Should I be pissed? I understand that we'll probably have to do some work to tighten things up but I was under the impression that s4s boards are run through a planer and then jointer...or at least ripped straight. Was I mistaken? Should I call the shop and be pissed? I'm not totally sure what to do as we have over $1k worth of wood that still needs a TON of work. We'll put in the effort to get it done right...I'm just a little upset. Maybe I should have known this ahead of time that s4s still needed to be jointed?

Also, they specifically got 2x6 boards and cut them to be s4s so I would have thought the edges should have been straight


----------



## mdntrdr (Dec 22, 2009)

There is definitely a couple of bowed boards there.

As long as the sides are 90 deg. to the face, you should have no problem closing the gaps with clamps.


----------



## Kerrys (May 2, 2016)

Good glue and plenty of clamps.


----------



## jkanter (Sep 13, 2016)

1 of the boards is bowed a lot and some others very slightly, yes...I'm working on seeing if I can flatten it by wetting the underside and letting it sit overnight.

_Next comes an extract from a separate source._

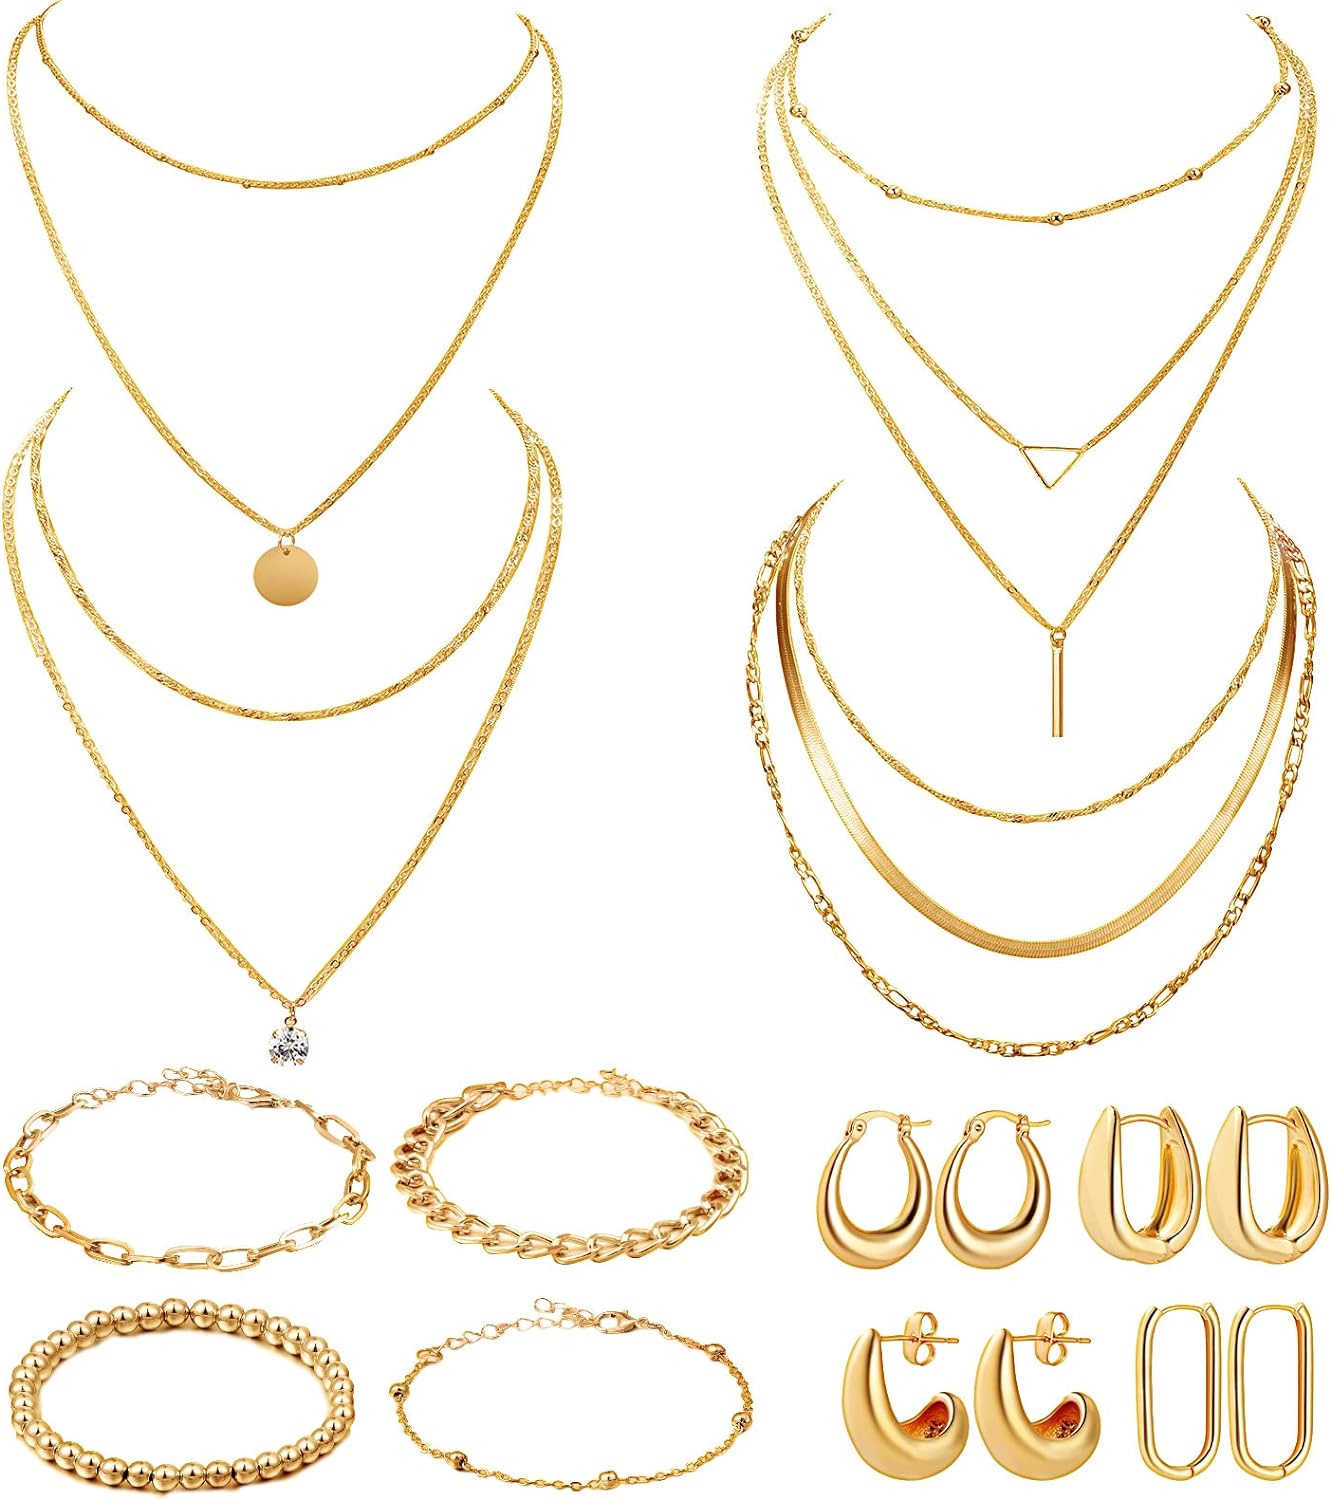 Tiamon 12 Pcs Gold Silver Jewelry Sets for Women Layered Set of Earring Necklace Bracelets for Teen Girl Men Christmas Jewelry Gifts

Should I worry about the tension pulling apart the glue? I have 12 5' pipe clamps that I plan to put every 8 inches or so, alternating.

Picture to show the clamps


----------



## woodnthings (Jan 24, 2009)

*do a "dry" clamp up first*

Do a dry clamp up before gluing for 2 reasons. You need the practice and to see how hard/easy it is to close up the gaps. Orient the boards so the best grain is up then flip them end for end, so the grain direction alternates and so the curves are opposed to one another.

You did not state the finishes sizes? H, W L of the boards? and the orientation ... vertical stacked or laid horizontal? The curved condition will be easier to correct when oriented vertically, but that uses more boards and it may not matter based on a "dry" run? 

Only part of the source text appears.